- Handwara Location in Jammu and Kashmir, India Handwara Handwara (India)
- Coordinates: 34°23′59″N 74°16′54″E﻿ / ﻿34.39972°N 74.28167°E
- Country: India
- Union Territory: Jammu and Kashmir
- District: Kupwara

Government
- • Type: Municipal Committee
- • Body: Government of Jammu and Kashmir

Area
- • Total: 291.47 km^{2} (112.54 sq mi)

Population (2011)
- • Total: 13,600
- • Density: 46.7/km^{2} (121/sq mi)

Demographics
- • Literacy: 64.39%
- • Sex ratio: 843 ♀/ 1000 ♂

Languages
- • Official: Kashmiri, Urdu, Hindi, Dogri, English
- Time zone: UTC+5:30 (IST)
- PIN: 193221
- Vehicle registration: JK-09
- Website: kupwara.nic.in

= Handwara =

Town in Jammu and Kashmir, India

Handwara (/ur/ ; /ks/) is a town in Kupwara district of Jammu and Kashmir, India. It is located on Baramulla-Handwara National Highway NH-701 and is governed by a municipal committee.

== History ==

=== Sikh rule ===
During Sikh rule, Raja Zabardast Khan, chieftain of the Bomba tribe, led guerrilla warfare against the forces of the Sikh Empire, targeting their garrisons and posts in Handwara.

==Geography==
Handwara is located at at an average elevation of 1,582 metres (5,190 feet) above sea level. The region boasts breathtaking natural beauty, with the Pohru River (locally called 'Talri river')—a tributary of the Jhelum—flowing through the town.

Famous volcanic peak, 'Soyamji' (1860 metres), locally known as 'Paput' is situated in North Machhipura (Handwara). It is known for its unique conical shape.
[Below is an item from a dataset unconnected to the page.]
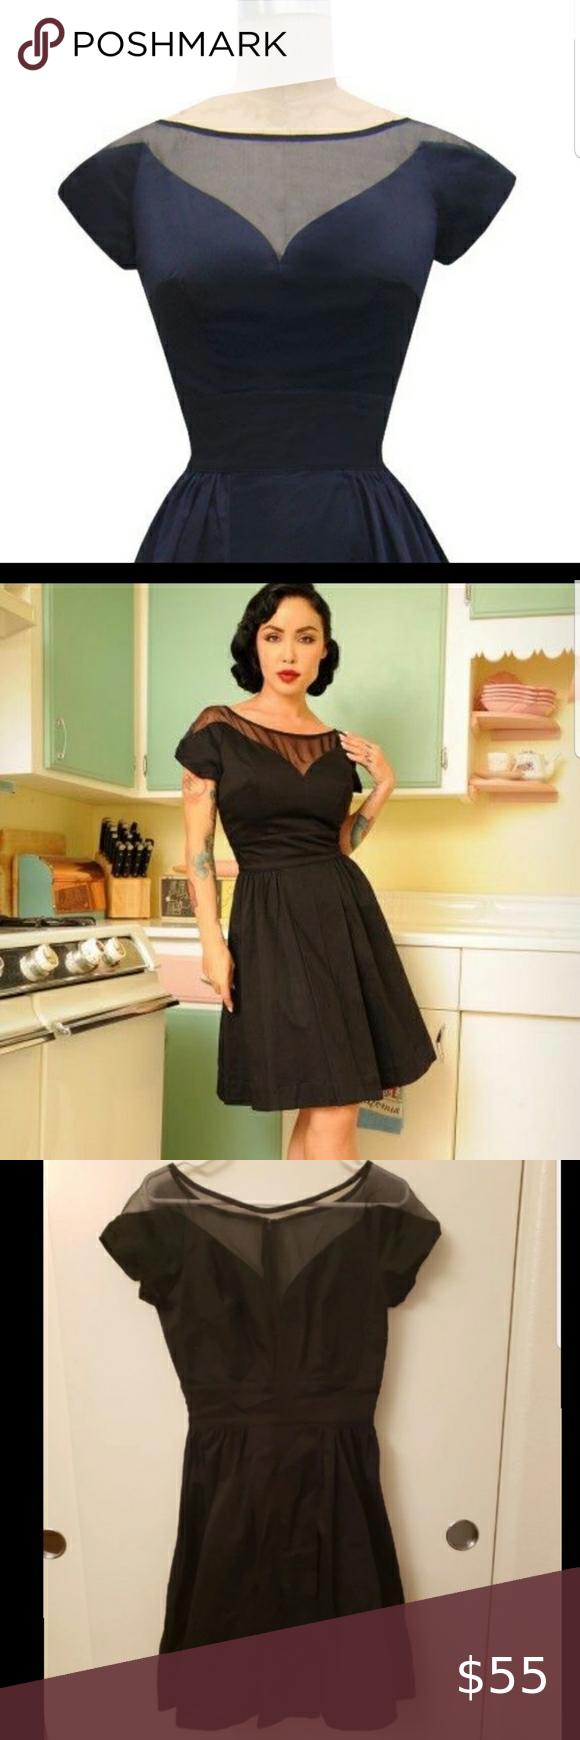 Trashy Diva Lottie Black Dress Black Dress Necklines For Dresses Diva Dress [ 1740 x 580 Pixel ]
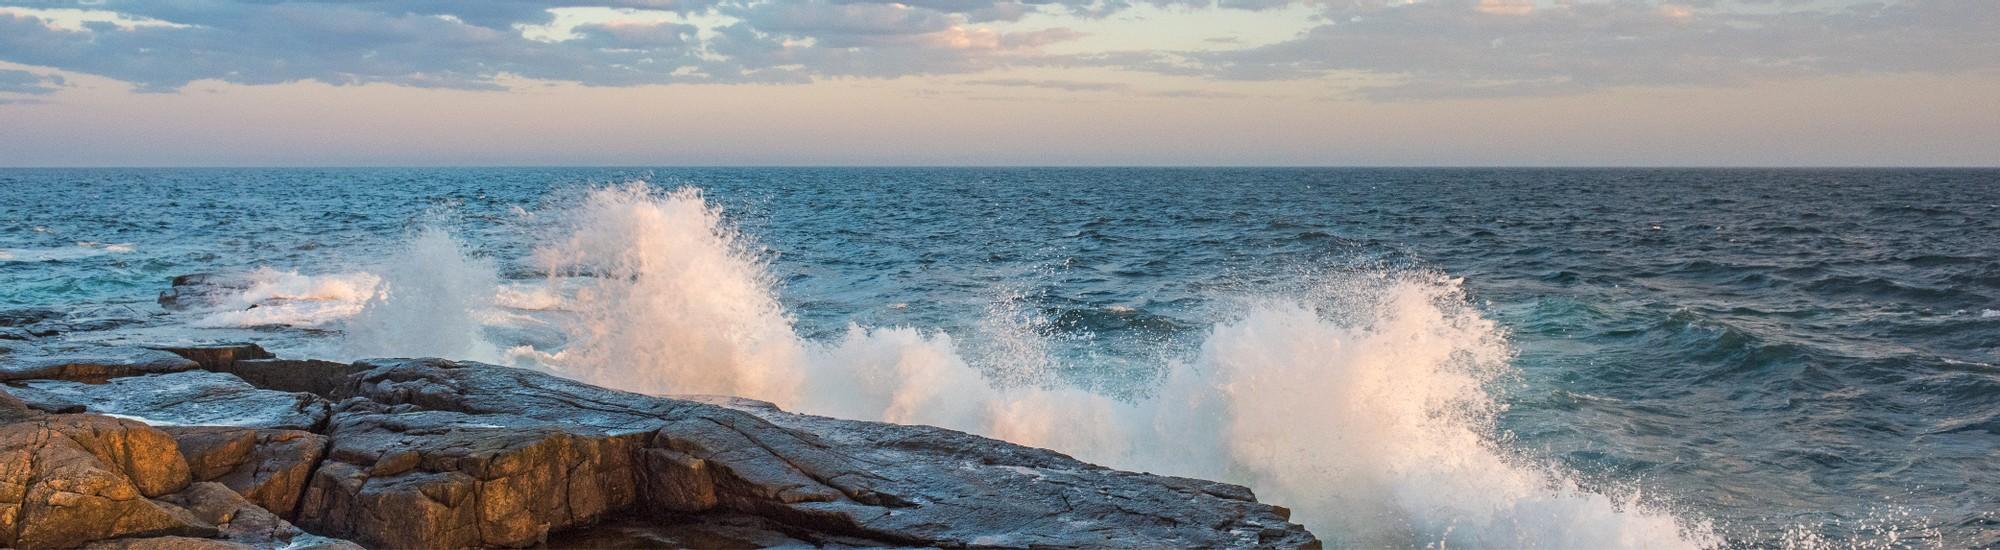 Ocean surf on rocks

It continued eruption of lava for about 13 months during 1934 and has been dormant since then.

==Demographics==

According to the 2011 Indian census, Handwara has a population of 13,600. Males constitute 54.26% of the population and females 45.74%. Handwara has an average literacy rate of 64.39%. The dominant religion in the town is Islam.

Historical population
| Year | Pop. | ±% p.a. |
| 1911 | 792 | — |
| 1971 | 5,025 | +3.13% |
| 1981 | 6,616 | +2.79% |
| 2001 | 10,638 | +2.40% |
| 2011 | 13,600 | +2.49% |
Source:

===Literacy===
The Census of 2011 showed the literacy rate of Handwara at 64.39%, lower than the national average of 67.16%. There is a gender difference in literacy, with a male literacy rate of 75.62% and a much lower female literacy rate of 51.88%.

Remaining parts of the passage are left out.